Seo Acelino Brito costumava nos presentear com a raspa do tacho onde fabricava queijo de manteiga, ou com um prato fundo cheio de queijo quente, ainda derretido. Uma vez este presente chegou na hora do almoço, e mamãe desmanchou no fogo uma “lata” de goiabada com um copo de água e outro de vinho tinto. Inesquecível aquele sabor do queijo e da goiabada ainda quentes, como sobremesa.

Seo Acelino e sua família eram um dos orgulhos da nossa cidade. Era um homem muito alto e forte, alvo e de cabelos grisalhos. Suas filhas eram lindas, com “maçãs do rosto” de causar inveja a qualquer Sophia Loren. Lembro de Adalgisa com sua pele cor de rosa, e de Maria, uma morena clara. Lembro ainda das caras das outras, mas não dos seus nomes. Os filhos homens eram muito fortes e corajosos. A casa da fazenda deles ficava ao lado do cemitério da cidade, e eles nos contavam que brincavam de esconder por entre as catacumbas.

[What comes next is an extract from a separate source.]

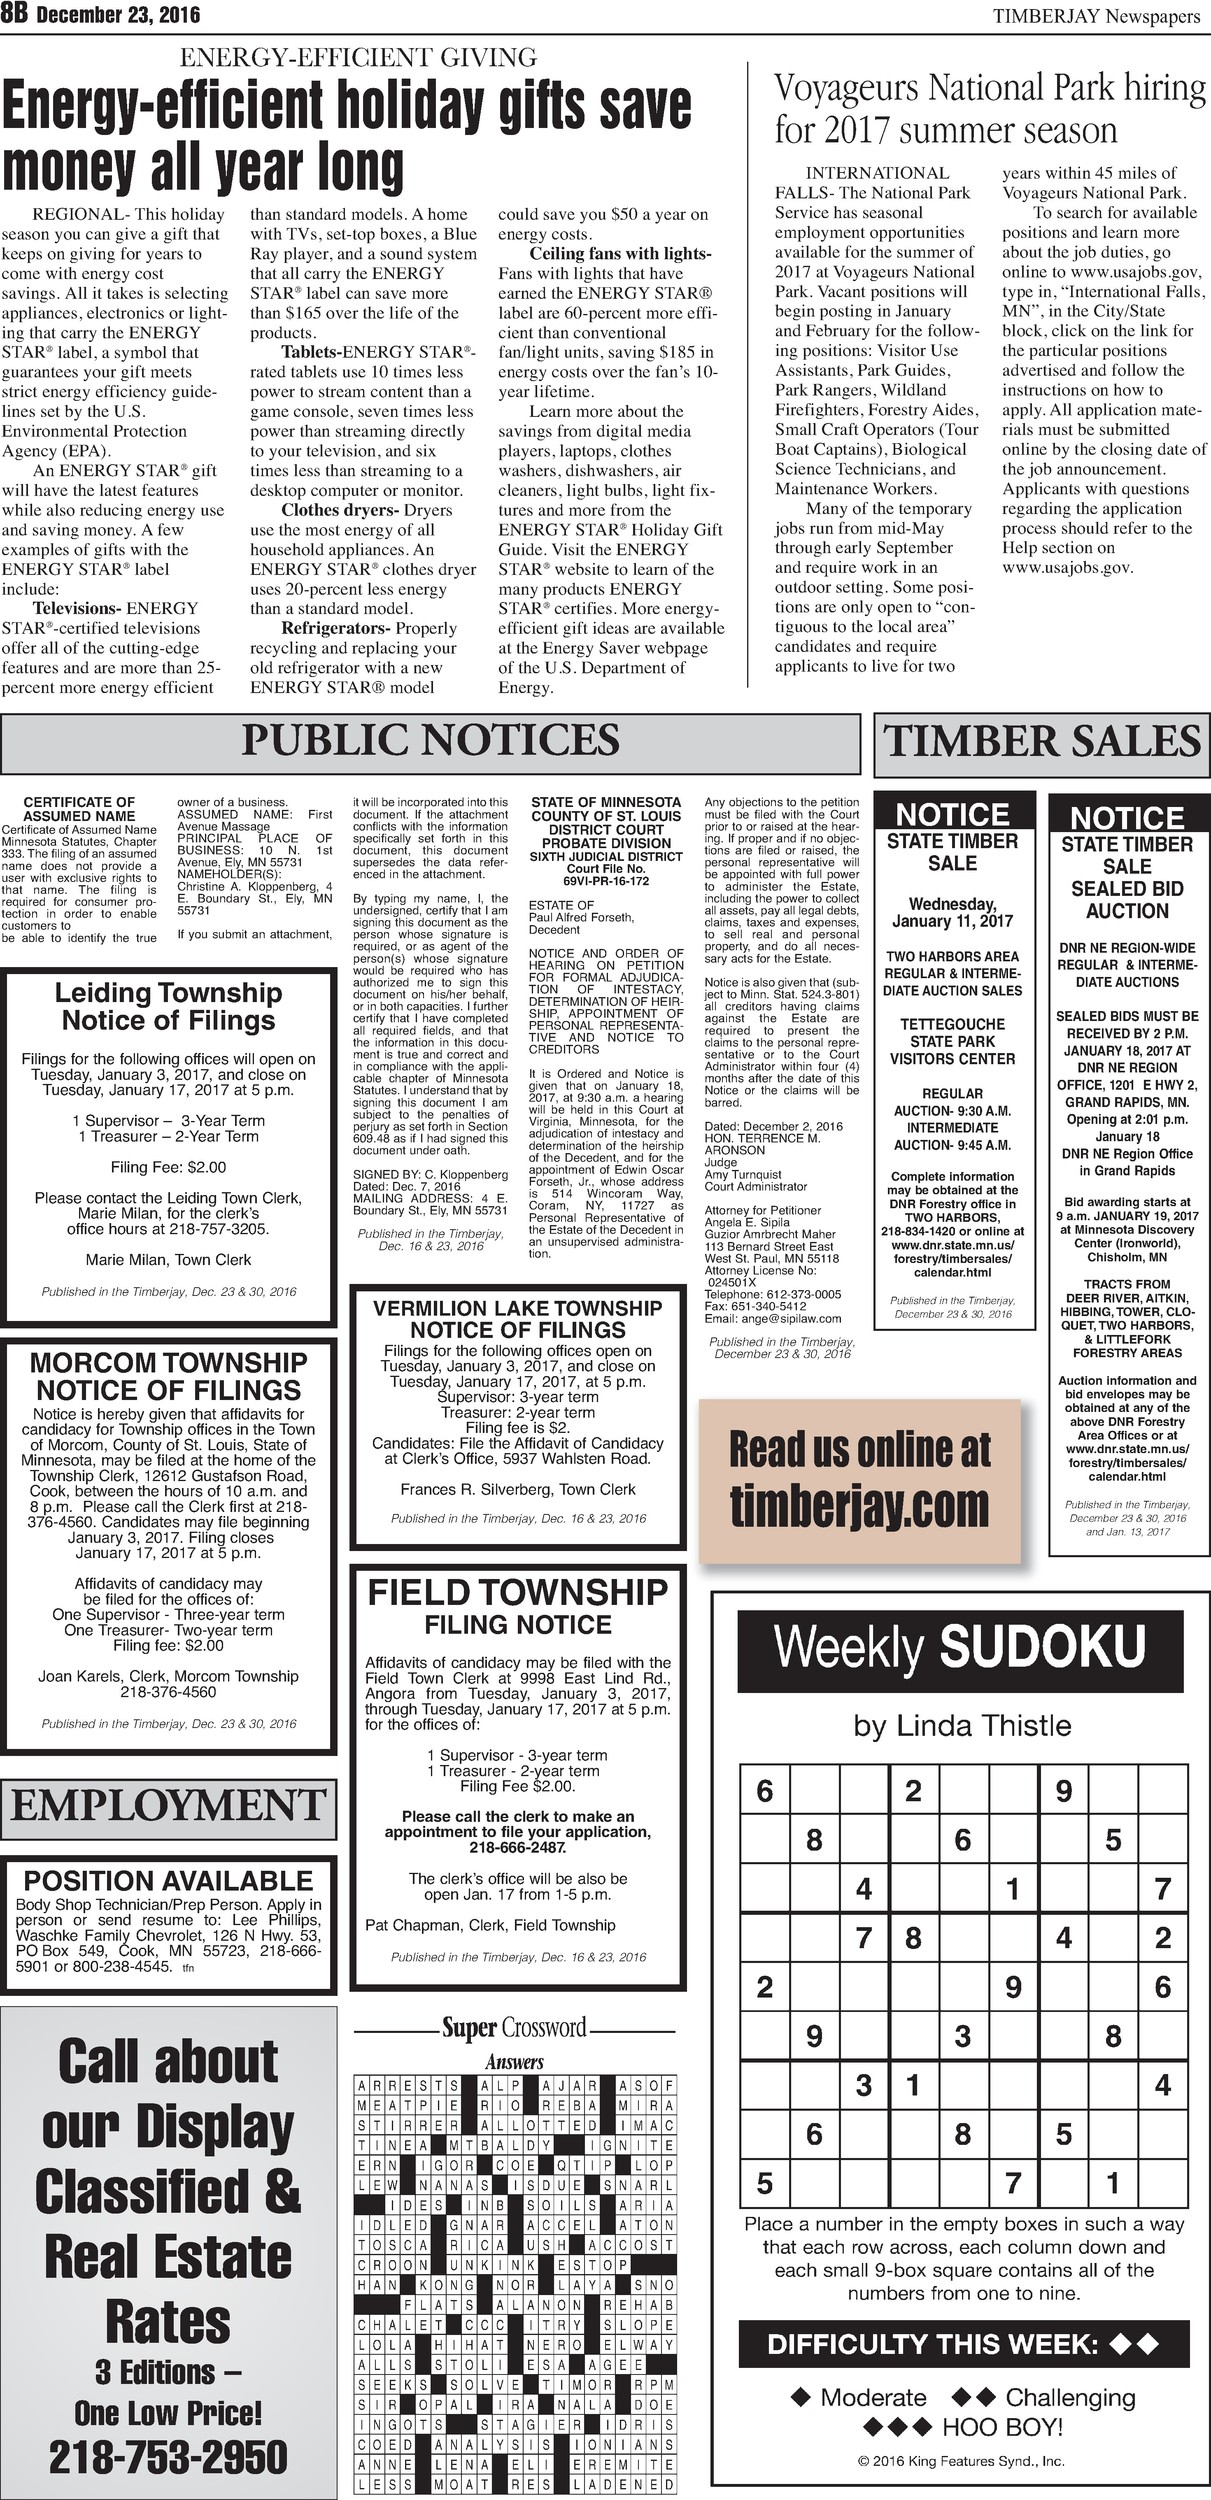 Click here to view the legal notices and classifieds on page8B

Só em saber disso eu já não dormia. Íamos algumas vezes até a fazenda deles, onde colhíamos mel de abelhas e andávamos a cavalo no pelo. Eram todos muito educados e fazem parte das melhores lembranças que guardo daquele tempo.

Aos 13 anos eu estava interno no Colégio Americano Batista daqui de Recife, e recebi de mamãe, por um portador, um grande pedaço de queijo de manteiga da fazenda de Seo Acelino. Acanhado, pois era um dos primeiros meses de internato, guardei o queijo no meu armário, que se destinava a produtos de higiene pessoal e material escolar.

Nos primeiros dias não lembrei de descer com o queijo para o café da manhã nem para o jantar. Abafado no armário, depois de uma semana o cheiro já não era dos melhores, e agora eu já não descia com ele por esse motivo. Os dias foram se passando e o mau cheiro aumentando no dormitório. Chegaram a desratizar todo o colégio achando que era rato morto e que poderia haver uma peste. Quando ameaçaram abrir todos os armários para descobrir do que se tratava, acordei de madrugada e joguei o queijo pela janela, caindo bem ao lado do refeitório. Na manhã seguinte foi o maior comentário: uns achavam que o fedor vinha daquele queijo que já estava ali mesmo; enquanto, outros, mais espertos, entenderam que alguém atirara o queijo do primeiro andar. Passei dias sem poder abrir meu armário com alguém por perto, até o mau cheiro desaparecer.

Éramos imensamente felizes naquela Umbuzeiro.